Now that hopes of a rate hike have declined, I wouldn’t be surprised to see the Pound fall further from here, especially if the economic data releases out of the UK take a turn for the worse.
We’re also entering a key time for the UK as the Brexit negotiations are taking place this week in London, as Michel Barnier is in London to discuss them. He’s the key figure from the EU side so expect any major updates to result in movement between the Pound and the Euro.
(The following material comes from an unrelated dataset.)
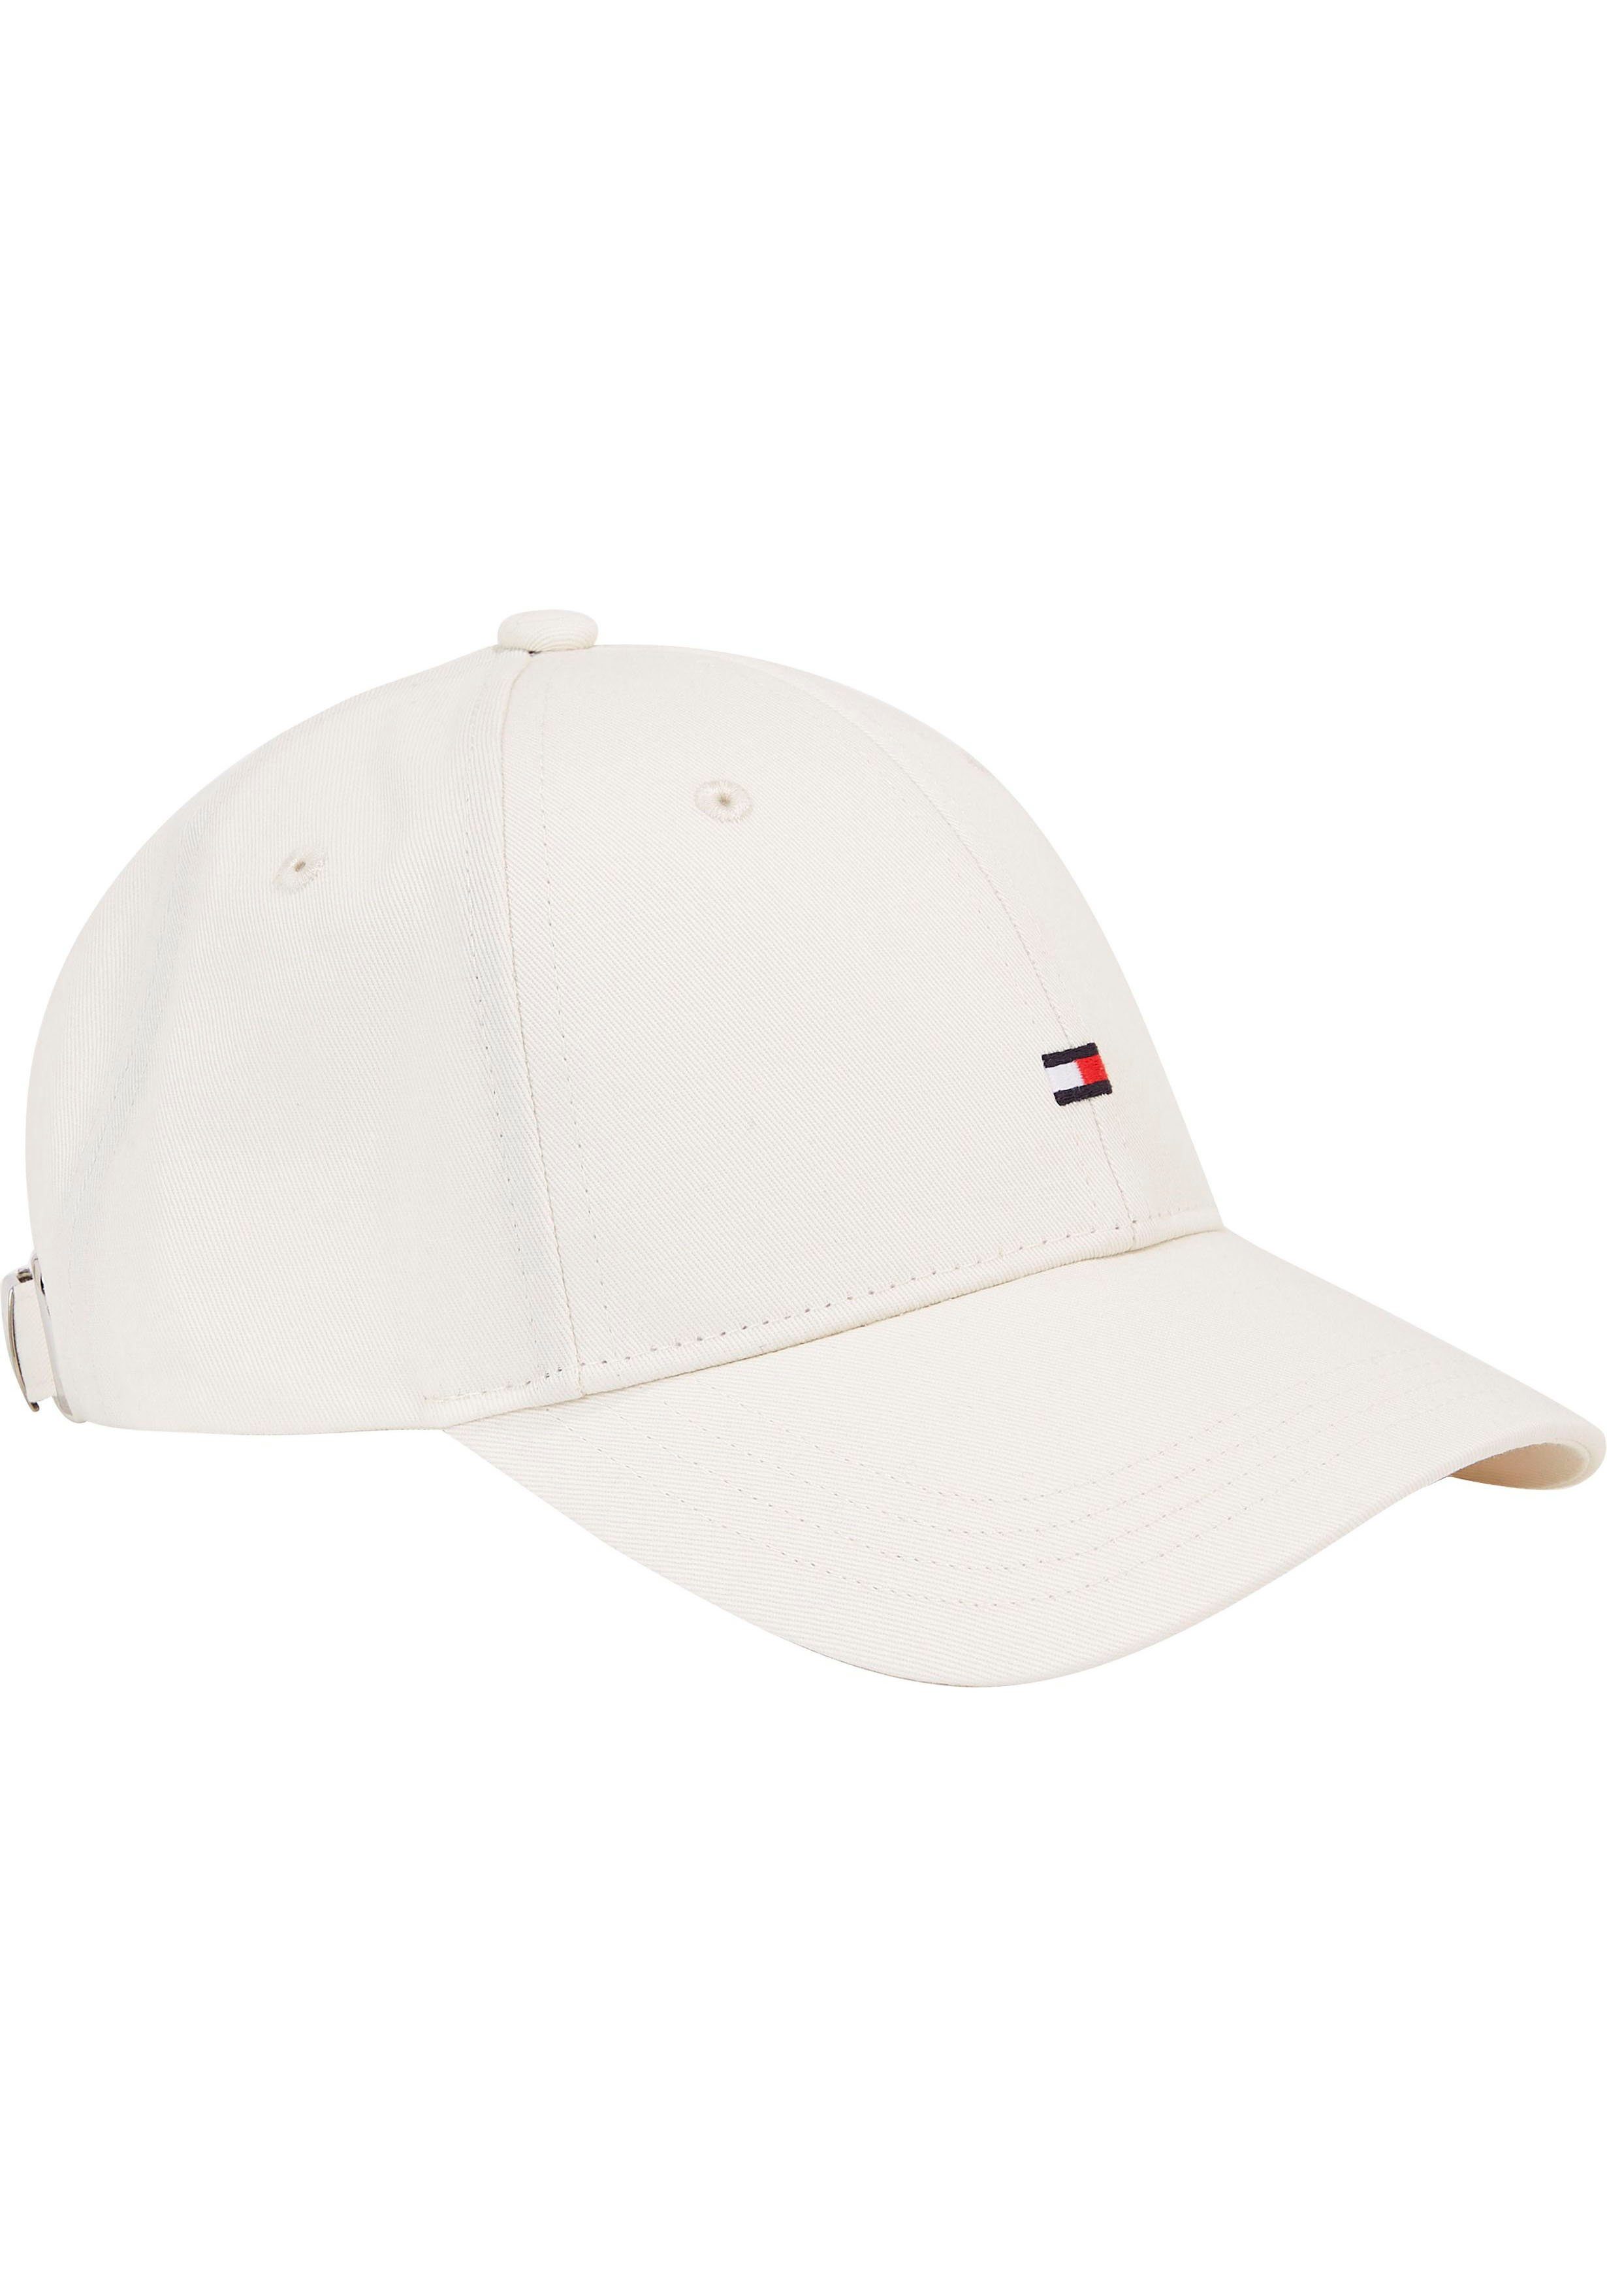 Tommy Hilfiger Fitted SMALL Cap FLAG Calico mit Klemmverschluss CAP

If you have a large currency exchange to carry out in the coming days, weeks or months then you are more than welcome to speak with me directly as I will be more than happy to help you both with trying to time a transaction and getting you the top market rate when you do come to buy your currency. A small improvement in a rate of exchange can make a huge difference so for the sake of taking two minutes to email me you may find you save yourself hundreds if not thousands of Pounds. You can email me (Joseph Wright) on email@example.com and I will endeavour to get back to you as soon as I can.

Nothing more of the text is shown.